The Covid-induced economic harm may soon result in multiple sovereign debtors moving into default territory – a situation that the global financial architecture is not built to tackle. This column makes the case for ex post state intervention in debt contracts to provide temporary legal protection to debtor countries while they divert resources to deal with the Covid-19 crisis. It shows that in the case of Greece, when such intervention was necessary, there were no negative spillovers on periphery euro area debt markets associated with the Greek ex post modification of contract terms.

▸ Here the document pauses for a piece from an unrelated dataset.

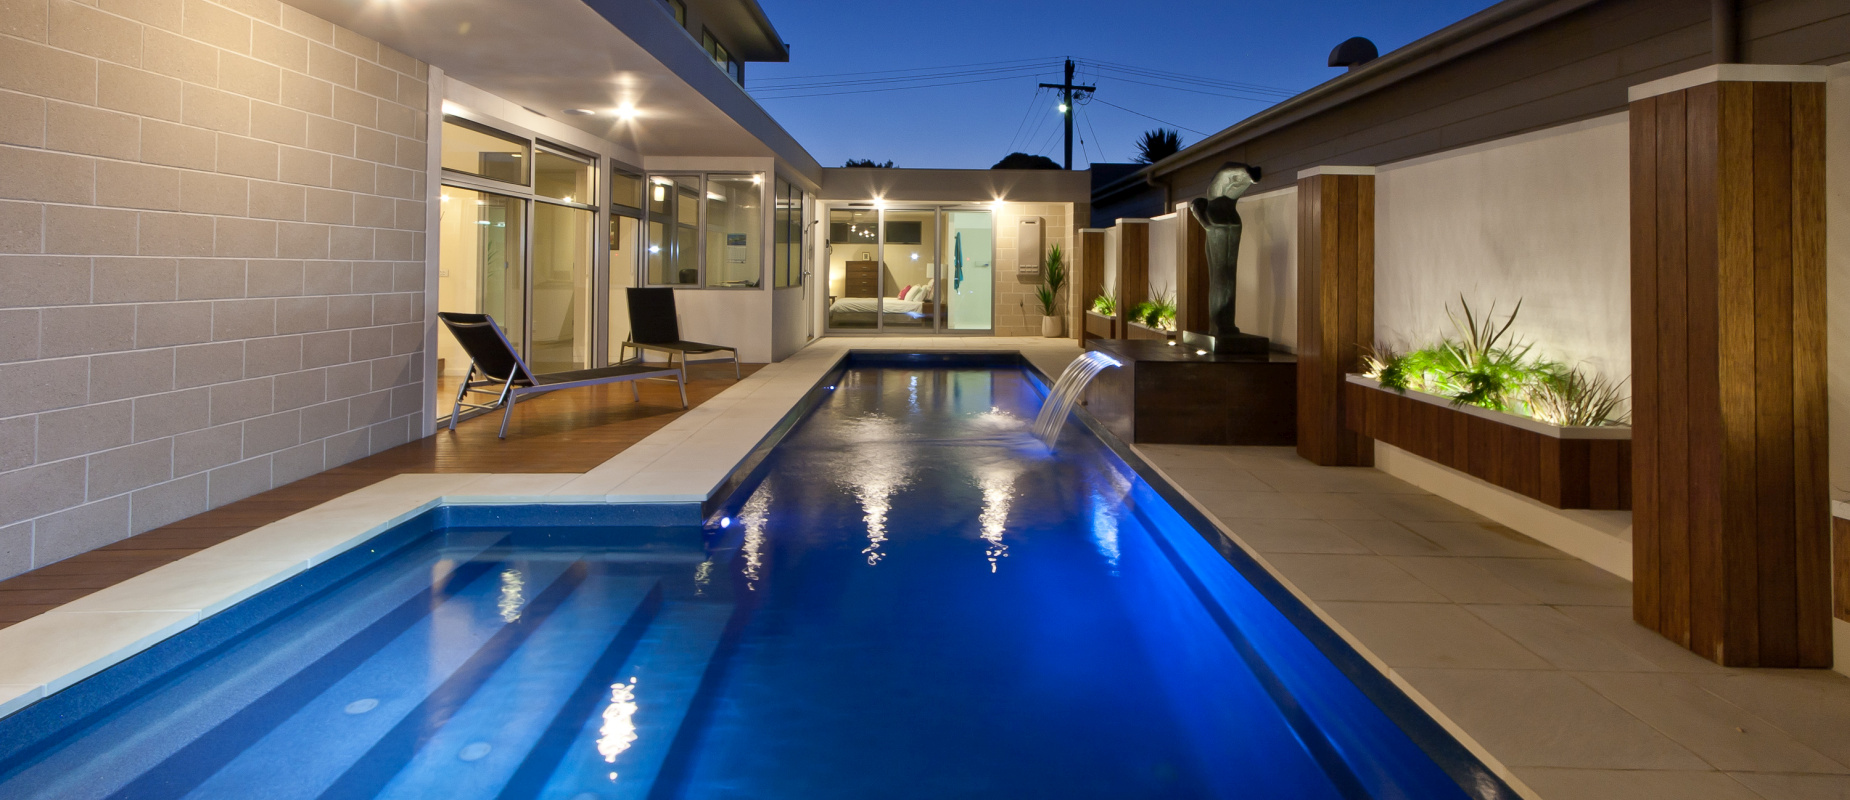 Compass-Pools-Australia_Fastlane-pool-for-swimming-laps-with-water-wall-feature-and-lights

A central theme of this week’s World Bank/IMF meetings will be the precarious state of the global economy.  One particular concern is the increasing number of low- and middle-income countries that are staring at the simultaneous problems of slowing economies, increasing health costs, and large debt obligations (Hevia and Neumeyer 2020). So long as markets are willing to provide these precariously positioned sovereigns with continued funding to service their external debts, the reckoning they are facing is at least temporarily postponed. But markets are getting jittery and the prospect of another sudden stop – we had a temporary one in March 2020 (Bank for International Settlements 2020) – is real. 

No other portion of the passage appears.